Where's the positive message? This is Star Trek, right? I saw little to no optimism in that future. I remember 30 years ago when Nick Meyers was criticized for making Starfleet more militaristic. But that was nothing compared to this. And those uniforms! When Kirk and the others had those gray uniforms with the state trooper hats on, it almost looked like Starship Troopers (a film I hated). Again, show us you have a clue what Star Trek is about.

Is revenge the only story movies can tell these days? The '09 film was all about Nero taking his revenge; this film was almost called Vengeance, and Kirk wants revenge for the death of Pike (which was unfortunate because he was a great character). Is there no longer any other motivation in movies? Yes, yes, Kirk says at the end that while we have the desire for revenge, that isn't who we are -- after we just spent two hours on it.

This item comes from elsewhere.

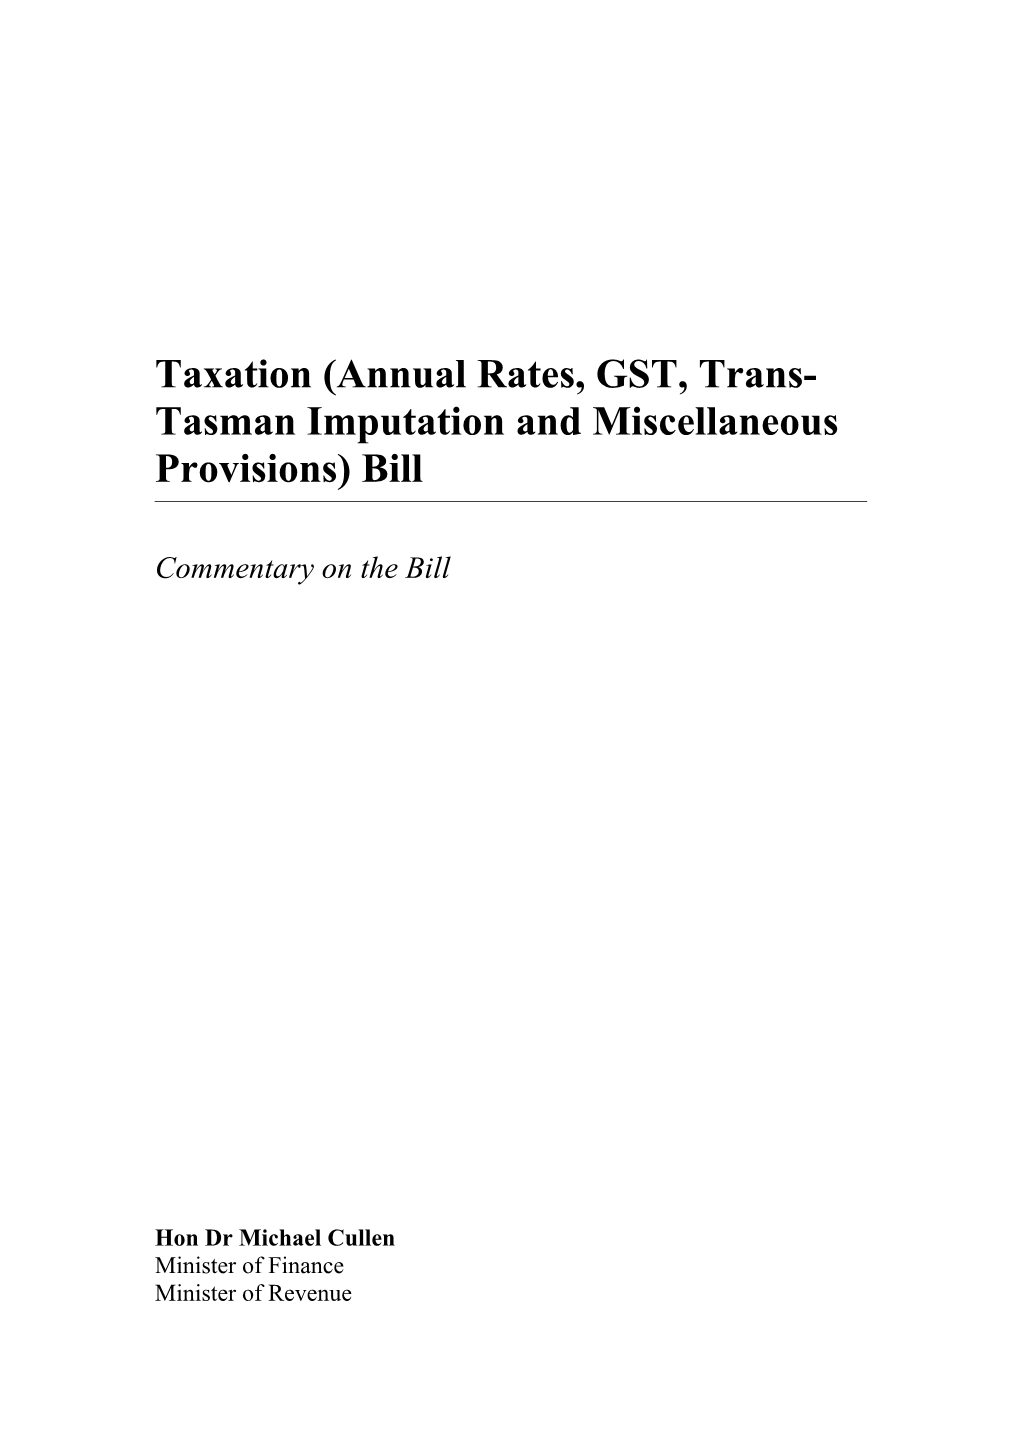 Taxation (Annual Rates, GST, Trans-Tasman Imputation and Miscellaneous Provisions) Bill

I hate it when one movie in a series winks at the audience by quoting another movie in the series. (Star Wars is particularly guilty of this.) The end of Into Darkness with the Kirk/Spock roles reversed felt a little cheap. Clever? Maybe, but it's time for something original. And with this in mind, as great as Karl Urban is in the role of McCoy, he was given little to do but recite some of McCoy's greatest hits.

The visit to Kronos (isn't it Qu'onos?) was too dark. I never like when ships are flying through undefined buildings, under arches and what have you. We need a sense of where they are to be part of the drama. Also 5 minutes of Klingons? Felt tacked on.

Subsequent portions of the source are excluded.